Jameelah A. Love just finished her sophomore year at UWM, but she’s already starting a student organization, beginning an internship in Washington, D.C., leading the Wisconsin Youth Advisory Council and working part-time. Her goals include law school and reforming the foster care system. (UWM Photo/Troye Fox)

Jameelah A. Love spent her childhood bouncing from house to house as her family life unraveled. At age 14, she went into the foster care system.

Now Love, who just finished her sophomore year at UWM, is helping others who grew up in foster care to succeed.

This summer, she heads to Washington, D.C., for an internship with the Congressional Coalition on Adoption Institute. She’ll be one of 12 interns working with a federal legislator to develop a policy reform proposal on foster care. The recommendations will then be presented to Congress and published.

Love, 26, isn’t sure exactly how she overcame a traumatic, troubling environment.
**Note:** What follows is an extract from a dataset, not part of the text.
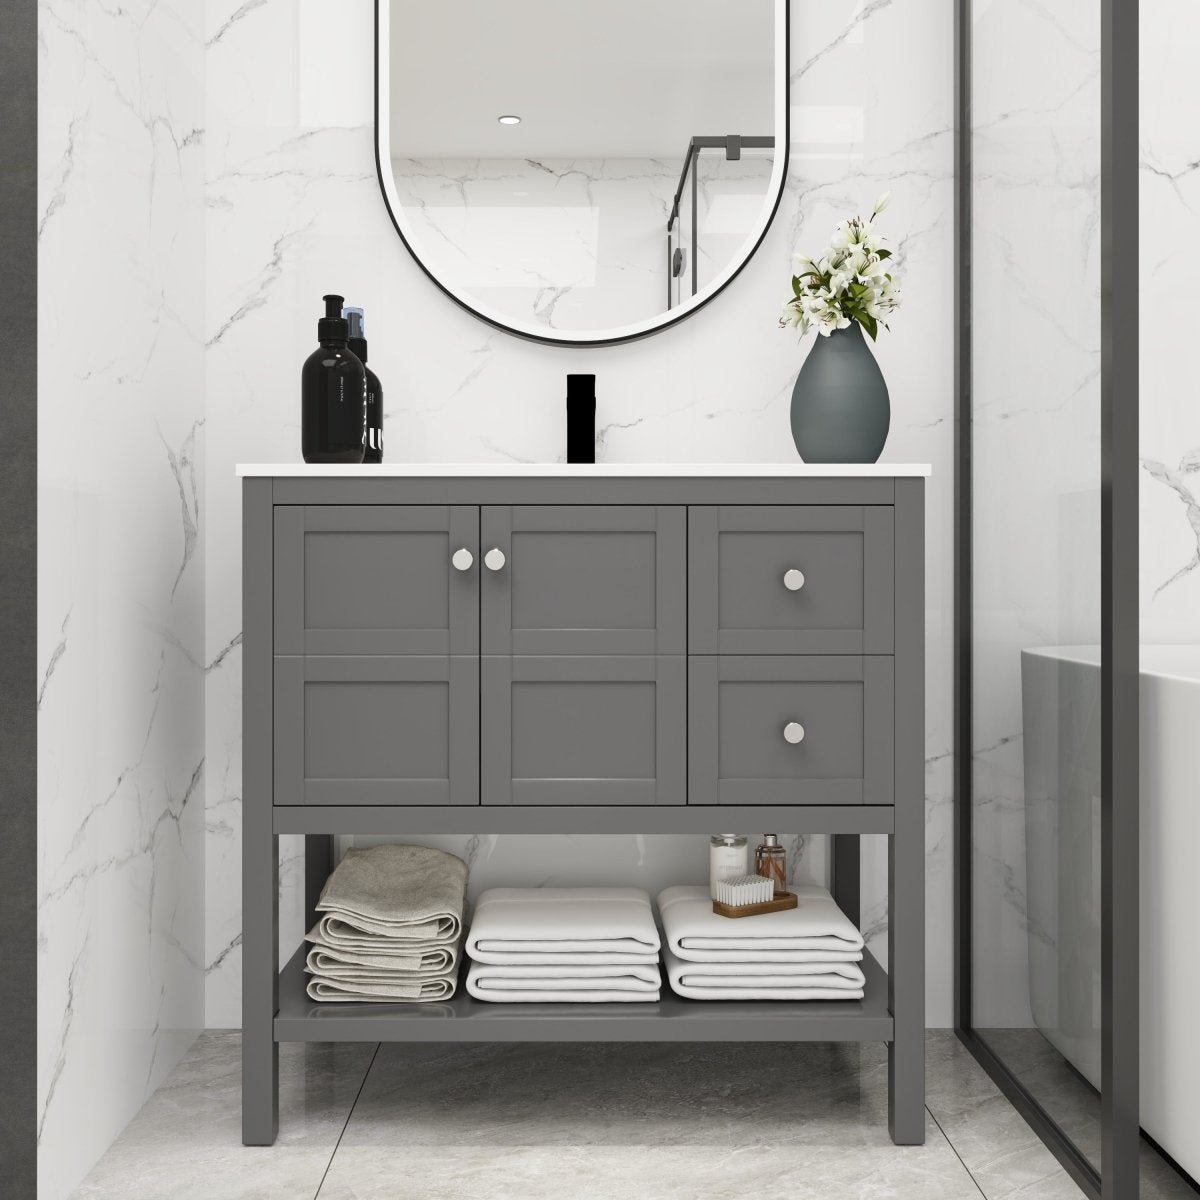 ExBrite 36x18 Bathroom Vanity With Soft Close Drawers And Gel Basin
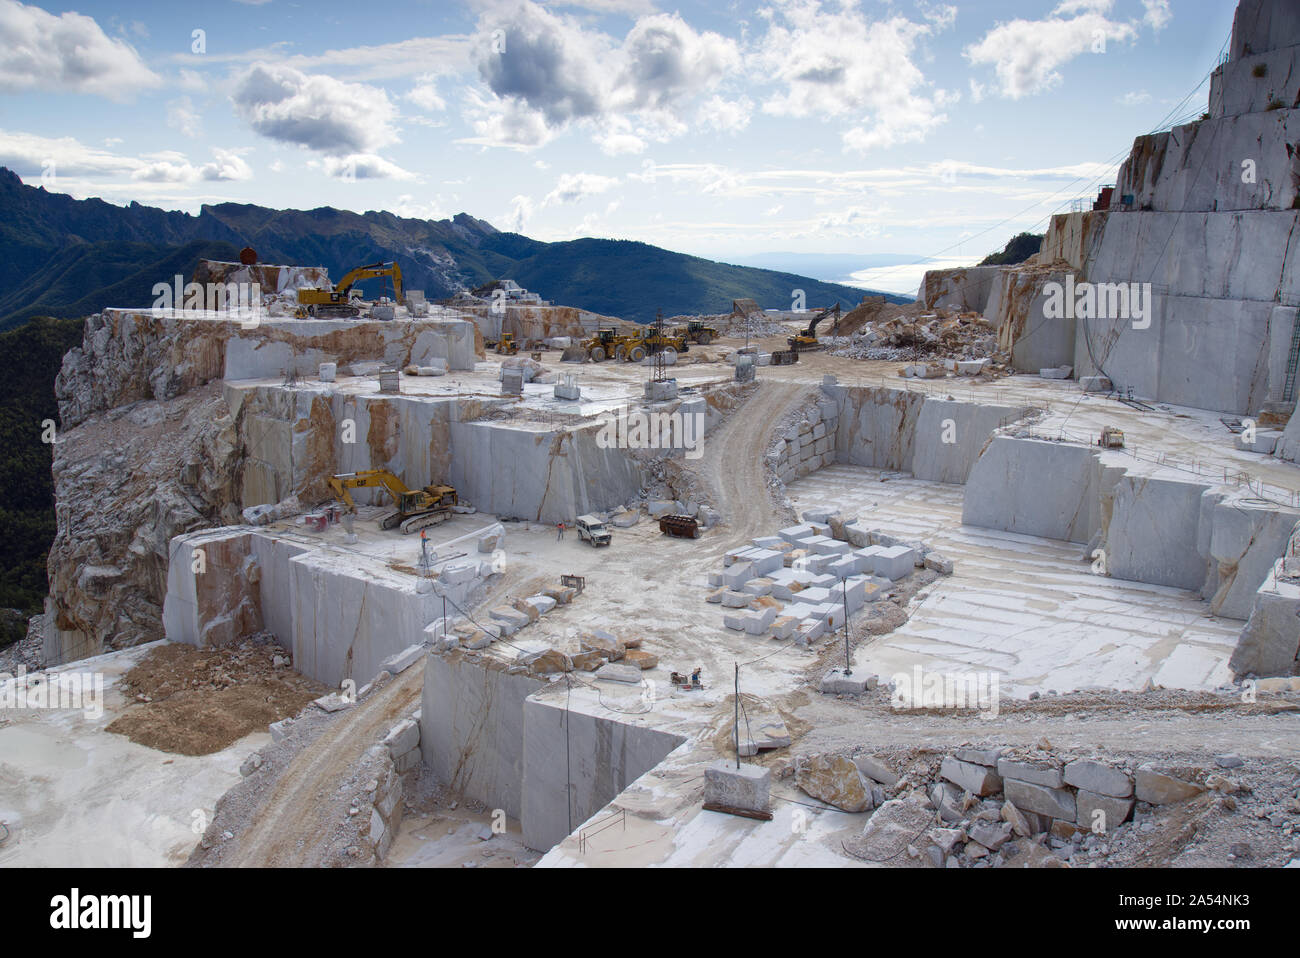 October 7, 2019 - Carrara, Italy: Mining of white marble in the mountains. Italian (Carrara) white marble is a famous building and sculpting material Stock Photo

“I think about it a lot,” she said. “Sometimes I think it’s my personality because I’m sort of on the optimistic side. I find it to be a lot less stressful when you try to see the positive.”

On the other hand, she added, sometimes she thinks those negative influences and people that affected her childhood motivated her. “I didn’t want to be like them.”

Love is president of the Wisconsin Youth Advisory Council, has testified to lawmakers in Madison about legislation on foster care, and is a young adult consultant to the ICF Capacity Building Center for States, a national organization working to reform the foster care and child welfare system. She helped organize “Hands Around the Capitol,” an event to bring attention to the issue during May, which is National Foster Care Month.

Love is also part of a committee forming Fostering Success at UWM, an organization to support students who grew up in foster care. It will be the second program of its type in Wisconsin and one of the few in the Midwest. She is also planning to start a foster youth student organization at UWM. That organization will be specifically for students, though the group will likely work with the Fostering Success program on some projects, she said.

“Because of the experiences I’ve had in life, I just want to help other people go through these things,” Love said. “I had to jump over hurdle after hurdle and barrier after barrier just to get a fair chance.”

With the help of others who came in and out of her life, including a Bay View High School chemistry teacher who insisted all her students take the ACT, Love applied and was accepted to college. Education is important to her. “I knew what I did not want to become and college was a way to keep that from happening.”

Her initial experiences at UW-Stout showed her some of the needs other foster students would face. “I moved six hours away, and I didn’t know anybody. I definitely didn’t know any other foster youth, so when I started to face difficulties, I didn’t have anybody I could turn to.”

But she persisted. “I eventually chose UWM. I really wanted to go somewhere that was diverse and understood minority populations and the different cultures and circumstances that we face,” she said.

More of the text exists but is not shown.